Records for this task -
Segment Open
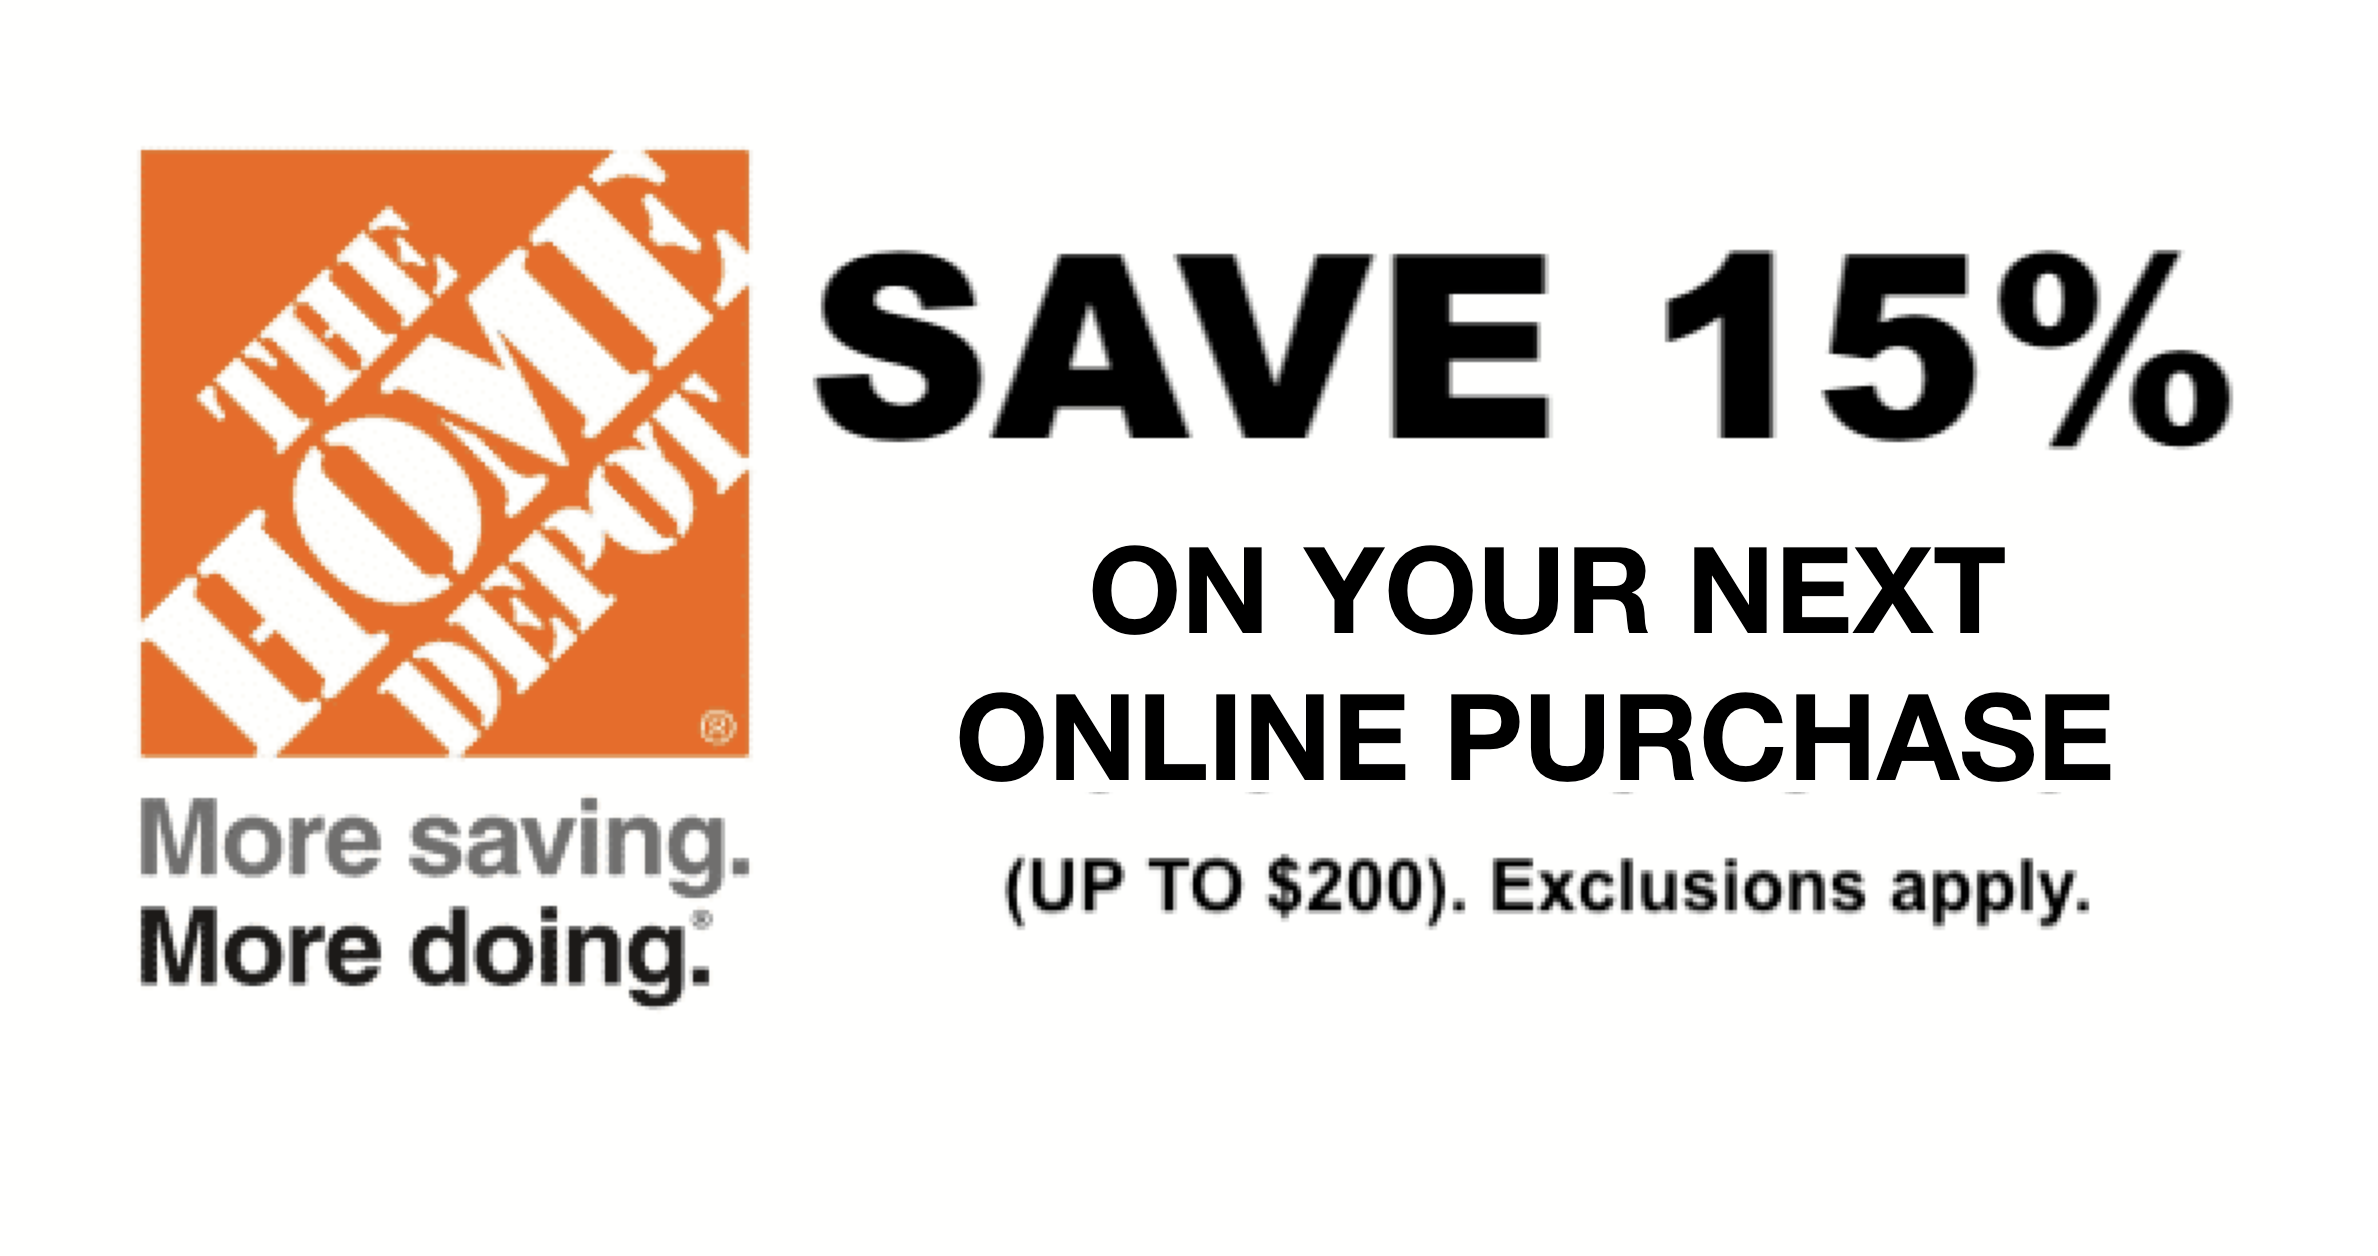 1x ONE HD Home Depot 15% OFF 1-C0UPON FAST!! 0NLINE-ONLY INSTANT 
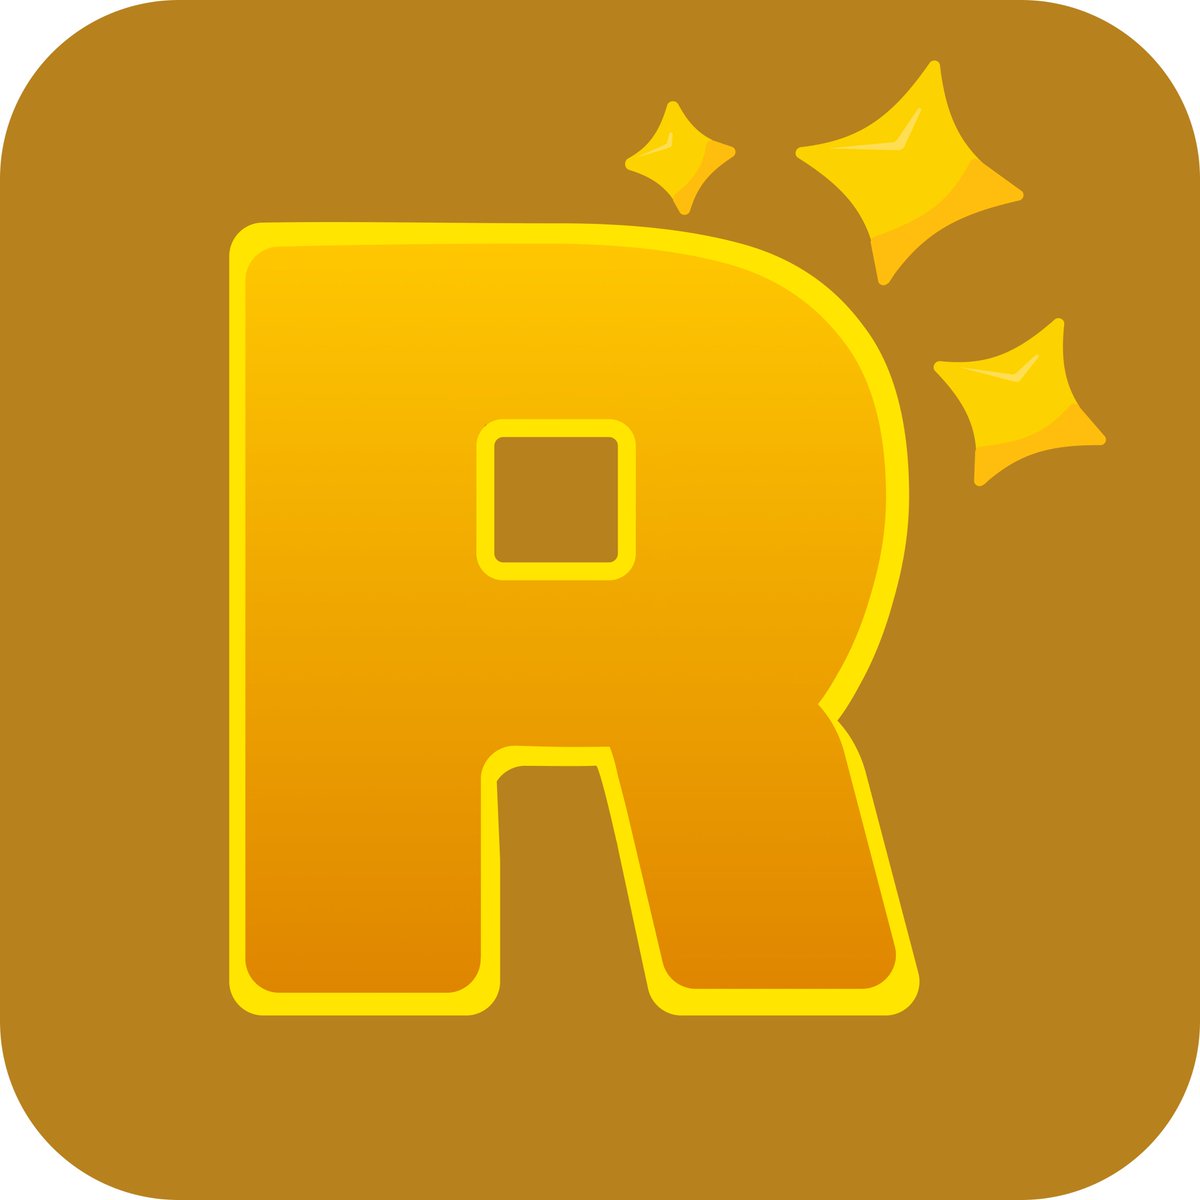 🎉🎉🎉GIVEAWAY TIME!!🎉🎉🎉
ROSHOP GOLD + 6969 ROGEMS (500 Robux)
How To Enter?
follow us
like this post

Extra:
Repost and Follow @ArtixRBLXfor extra chances at winning

disclaimer: redeemable only on Twitter, RoGems cannot be redeemed yet, please stay patient for RoShop Rewards
Segment Closed
What is needed -
Pictures stay out; repeat all the rest of the records exactly.

Expected answer -
 1x ONE HD Home Depot 15% OFF 1-C0UPON FAST!! 0NLINE-ONLY INSTANT 
 🎉🎉🎉GIVEAWAY TIME!!🎉🎉🎉
ROSHOP GOLD + 6969 ROGEMS (500 Robux)
How To Enter?
follow us
like this post

Extra:
Repost and Follow @ArtixRBLXfor extra chances at winning

disclaimer: redeemable only on Twitter, RoGems cannot be redeemed yet, please stay patient for RoShop Rewards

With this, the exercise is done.